Epon Post Embedding Korrelative Licht- und Elektronenmikroskopie
Summary
Wir präsentieren ein detailliertes Protokoll für die korrelative Licht- und Elektronenmikroskopie nach der Einbettung von Epon unter Verwendung eines fluoreszierenden Proteins namens mScarlet. Diese Methode kann die Fluoreszenz und die Ultrastruktur gleichzeitig aufrechterhalten. Diese Technik ist für eine Vielzahl biologischer Anwendungen geeignet.
Abstract
Die korrelative Licht- und Elektronenmikroskopie (CLEM) ist eine umfassende Mikroskopie, die die Lokalisierungsinformationen der Fluoreszenzmikroskopie (FM) und den Kontext der zellulären Ultrastruktur kombiniert, der durch die Elektronenmikroskopie (EM) erfasst wurde. CLEM ist ein Kompromiss zwischen Fluoreszenz und Ultrastruktur, und normalerweise beeinträchtigt die Ultrastruktur die Fluoreszenz. Im Vergleich zu anderen hydrophilen Einbettharzen wie Glycidylmethacrylat, HM20 oder K4M ist Epon in Bezug auf die Ultrastrukturkonservierung und die Trenneigenschaften überlegen. Zuvor hatten wir gezeigt, dass mEosEM die Fixierung von Osmiumtetroxid und die Epon-Einbettung überleben kann. Mit mEosEM haben wir zum ersten Mal ein Epon-Post-Embedding-CLEM erreicht, das die Fluoreszenz und die Ultrastruktur gleichzeitig beibehält. Hier geben wir Schritt für Schritt Details über die EM-Probenvorbereitung, die FM-Bildgebung, die EM-Bildgebung und die Bildausrichtung. Wir verbessern auch die Verfahren zur Identifizierung derselben Zelle, die durch FM-Bildgebung während der EM-Bildgebung abgebildet wurde, und beschreiben die Registrierung zwischen den FM- und EM-Bildern. Wir glauben, dass man die korrelative Licht- und Elektronenmikroskopie nach der Einbettung von Epon nach diesem neuen Protokoll in traditionellen EM-Einrichtungen leicht erreichen kann.
Introduction
Die Fluoreszenzmikroskopie (FM) kann verwendet werden, um die Lokalisierung und Verteilung des Zielproteins zu erhalten. Der Kontext, der das Zielprotein umgibt, geht jedoch verloren, was für eine gründliche Untersuchung des Zielproteins entscheidend ist. Die Elektronenmikroskopie (EM) hat die höchste Bildauflösung und liefert mehrere subzelluläre Details. Dennoch fehlt es EM an einer Zielkennzeichnung. Durch die genaue Zusammenführung des von FM aufgenommenen Fluoreszenzbildes mit dem von EM aufgenommenen Graubild kann die korrelative Licht- und Elektronenmikroskopie (CLEM) die von diesen beiden Bildgebungsmodi erhaltenen Informationen kombinieren 1,2,3,4.

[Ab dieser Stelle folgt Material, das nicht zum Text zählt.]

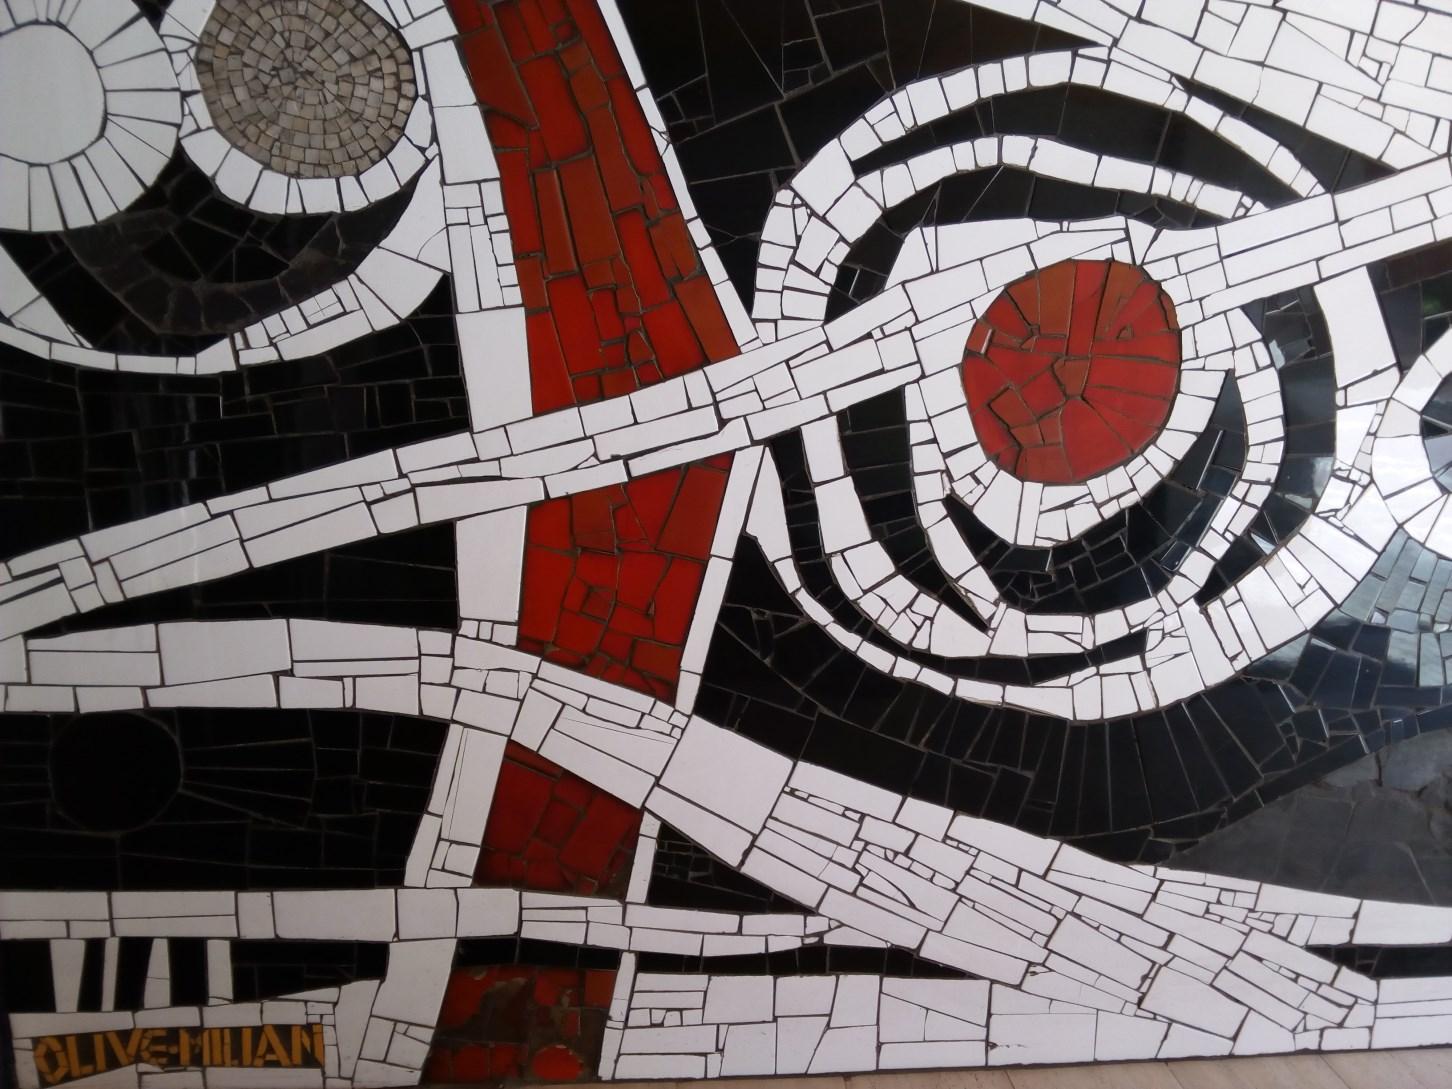 Tessel·la/trencadís, carrer de Ballester, 3-5 (Foto: anònim)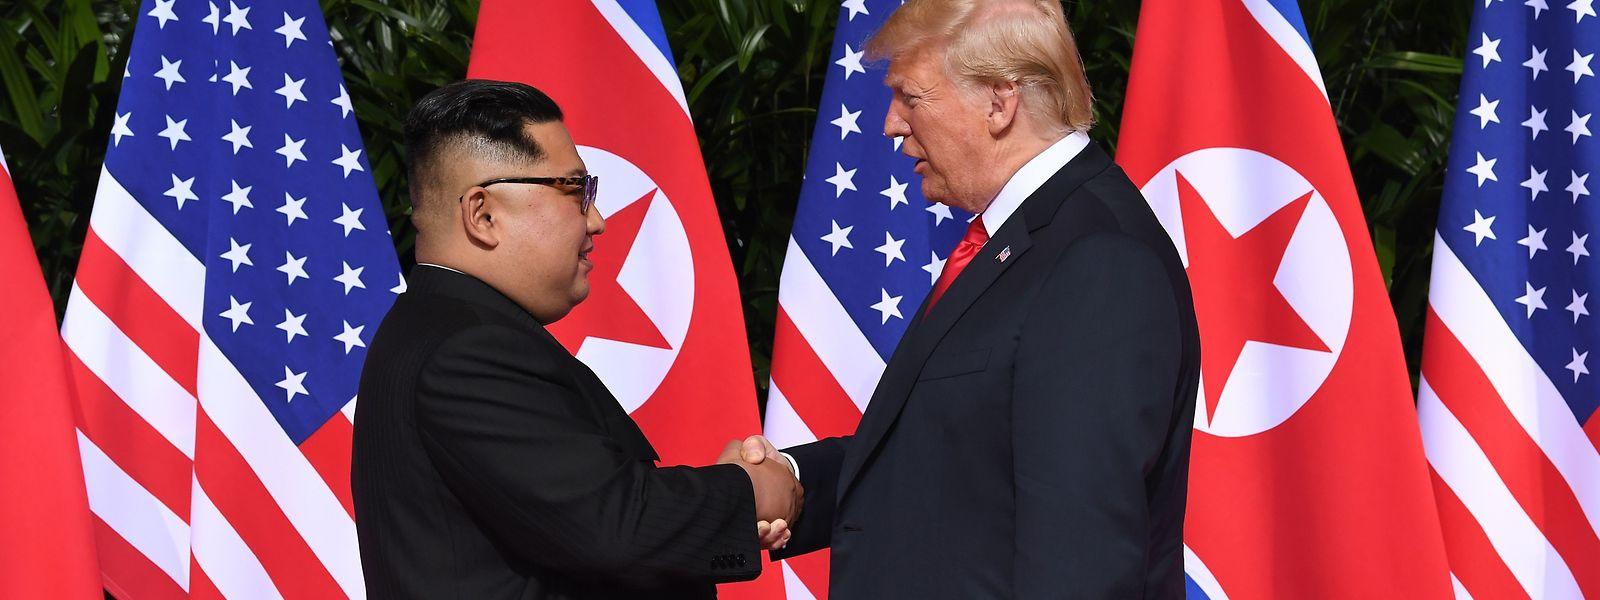 Einer der diplomatischen Erfolge des US-Präsidenten Donald Trump (rechts) ist seine Annäherung an Nordkorea, die jedoch wenig Konsequenzen mit sich brachte.

CLEM ist ein Kompromiss zwischen Fluoreszenz und der Ultrastruktur1. Aufgrund der Einschränkungen der derzeitigen fluoreszierenden Proteine und der traditionellen EM-Probenvorbereitungsverfahren, insbesondere der Verwendung von Osmisäure (OsO 4) und hydrophoben Harzen wie Epon, beeinträchtigt die Ultrastruktur immer die Fluoreszenz5. OsO4 ist ein unverzichtbares Reagenz in der EM-Probenvorbereitung, das zur Verbesserung des Kontrasts von EM-Bildern eingesetzt wird. Im Vergleich zu anderen Einbettungsharzen ist Epon in Bezug auf die Ultrastrukturkonservierung und die Trenneigenschaftenüberlegen 5. Allerdings können keine fluoreszierenden Proteine das Fluoreszenzsignal nach der Behandlung von OsO4 und Epon-Einbettung6 speichern. Um die Einschränkungen fluoreszierender Proteine zu überwinden, wurde ein Pre-Embedding-CLEM entwickelt, bei dem die FM-Bildgebung vor der EM-Probenvorbereitung durchgeführt wird6. Der Nachteil der Voreinbettung von CLEM ist jedoch die ungenaue Registrierung zwischen den FM- und EM-Bildern5.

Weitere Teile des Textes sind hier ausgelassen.